Larcher's two legendary epics Mare's Tail (1969) and Monkey's Birthday (1975) used film printing techniques in a similar vein and were, in their time, a major influence on a number of filmmakers including John Maybury. Completing the work one hour before the screening, John Maybury presented Maledicta Electronica (Premonition of Absurd Perversion in Sexual Personae Part 2) (1996). The piece is a homage to Alan Turing, the British cryptographer who pioneered the concept of machine intelligence. Using Super 8 and Hi-8 images that are brilliantly constructed into composite screen displays, the work evolves in episodic form punctuated by enigmatic inter-titles to both challenge and direct the visual reading.
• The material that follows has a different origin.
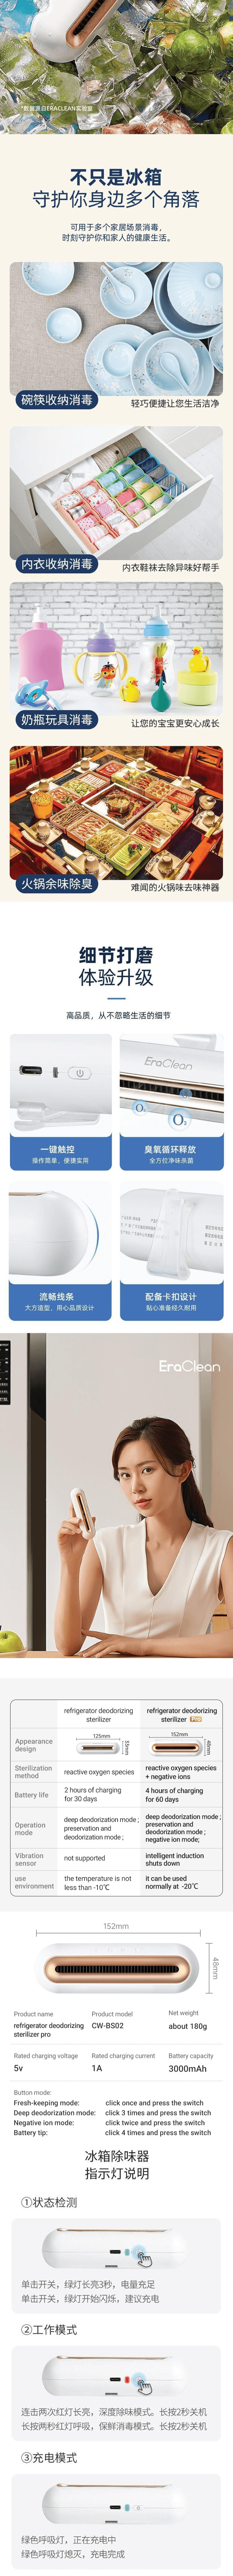 小米生態鏈 EraClean-世淨冰箱除味貼升級版2Pro CW-BS02 白色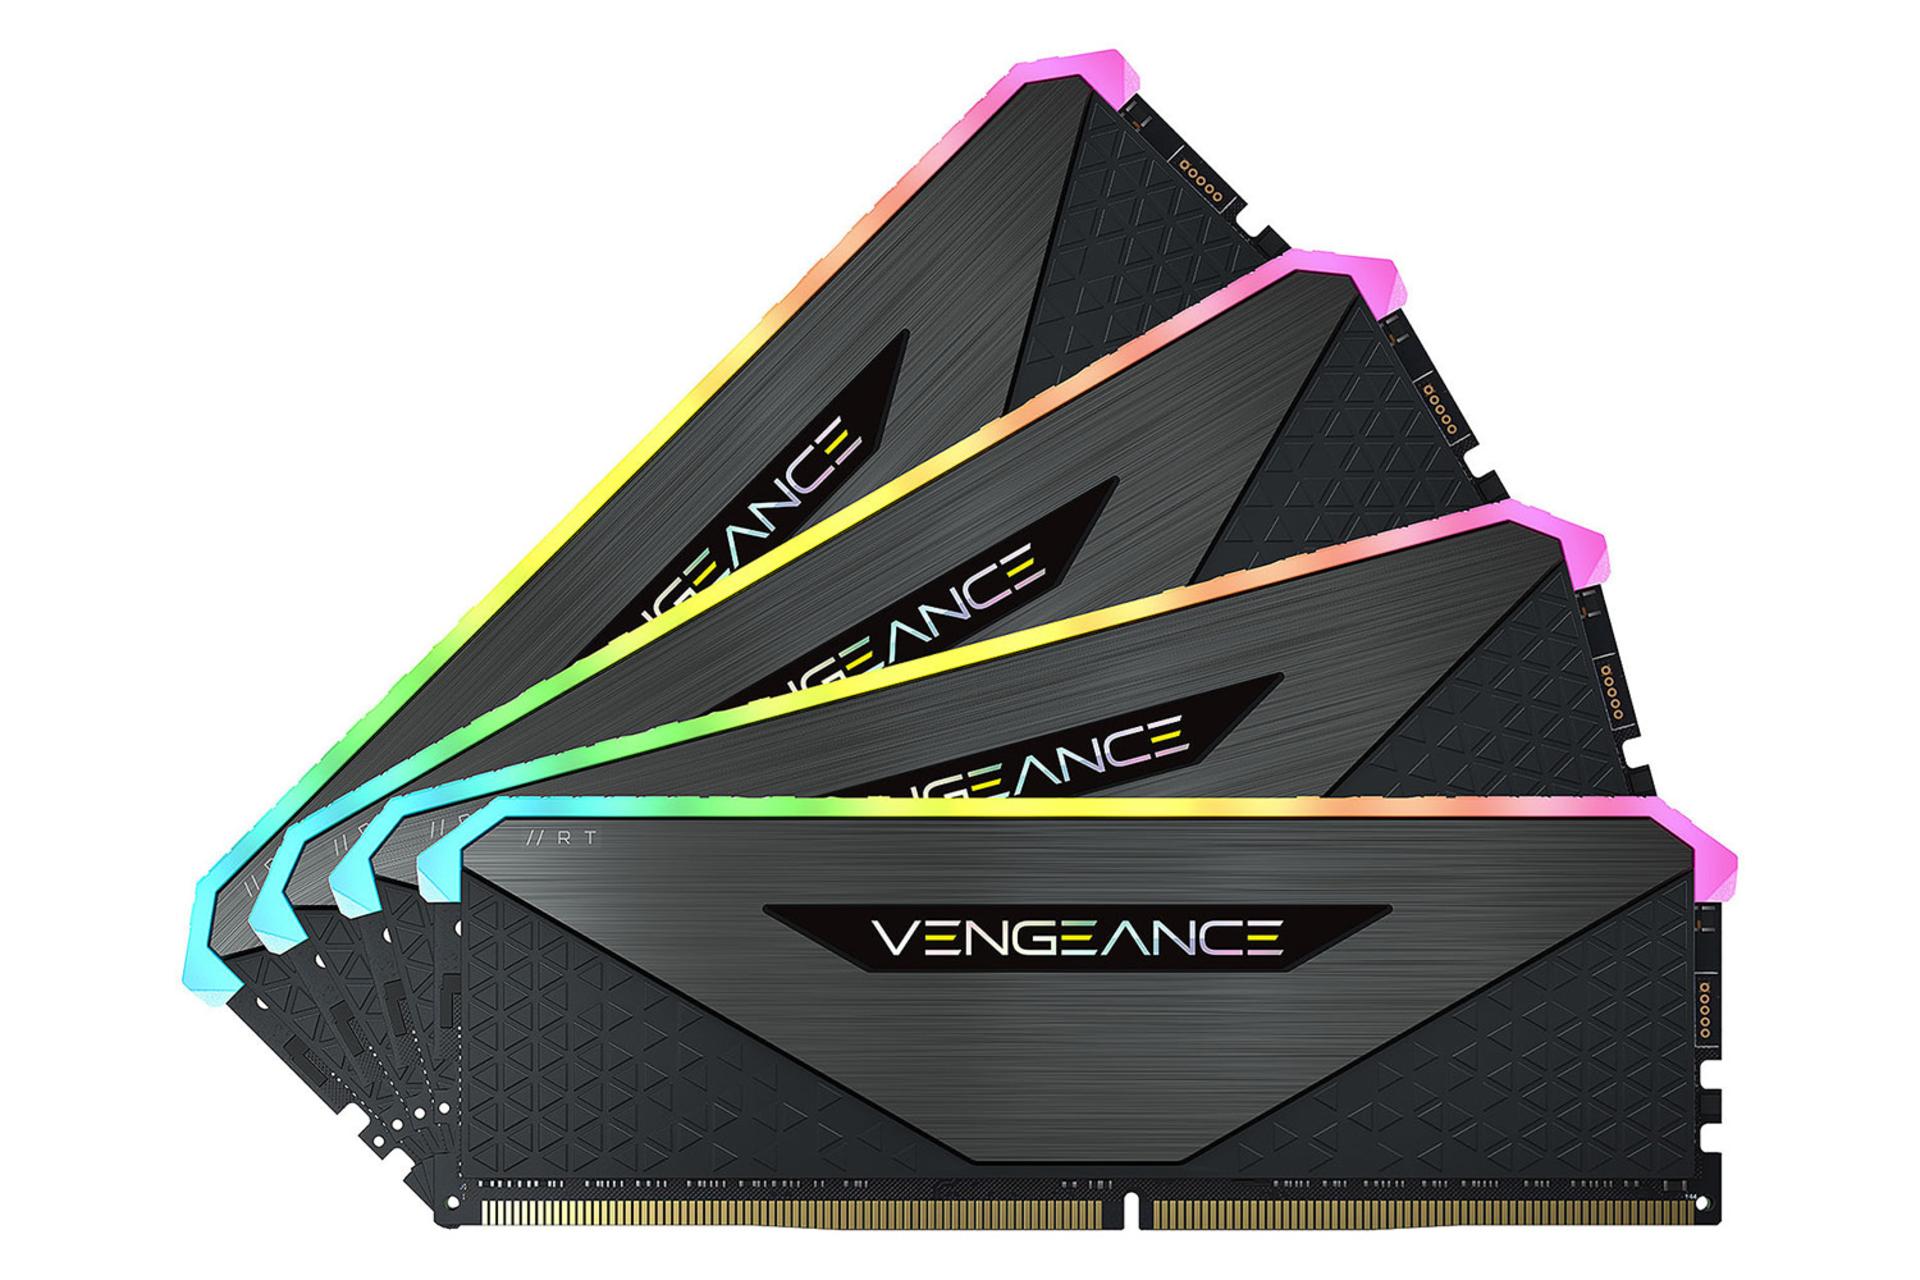 نمای روبروی رم کورسیر VENGEANCE RGB RT ظرفیت 64 گیگابایت (2x32) از نوع DDR4-3600 بصورت چهارتایی

Some of the artists' videos in the Small Shifting Sphere of Serious Culture programme may have suffered from being shown in an extracted form, but the overall impression was one of naiveté. Despite the abounding influences of popular culture, of which Matthew Glamorre's Smashing Night Out (1994) is a joyful celebration, much of the work appeared to have been produced in a vacuum in relation to filmic history. A number of artists, for example, use the single continuous take as the means of making a low-key documentation of a performance to camera: Gary Hume sits in an overflowing bath whilst smoking a cigarette in Me as King Cnut (1992), while Sarah Lucas takes a painful eight minutes to consume a sausage, a banana and a glass of water in Sausage Film (1990).

Five artists were commissioned to make the gallery installations. Gillian Wearing's The Unholy Three (1996) and Jacki Irvine's Losing Doris (1996) occupied adjacent rooms in the upstairs gallery. The complex interplay between the three large screens depicting scenes of domestic violence in Wearing's piece, was neatly complemented by the Minimalist intensity of Irvine's work. Simon Biggs' outdoor interactive installation Parsing The Book (1996) was unfortunately overshadowed by its surroundings - squeezed between Hungerford Bridge and the Royal Festival Hall. The video projection forming a classical frieze of robe-garbed figures seemed much more appropriate and 'site specific' to the Duke of York steps outside the ICA than to the South Bank Centre, a mile away from the main exhibition.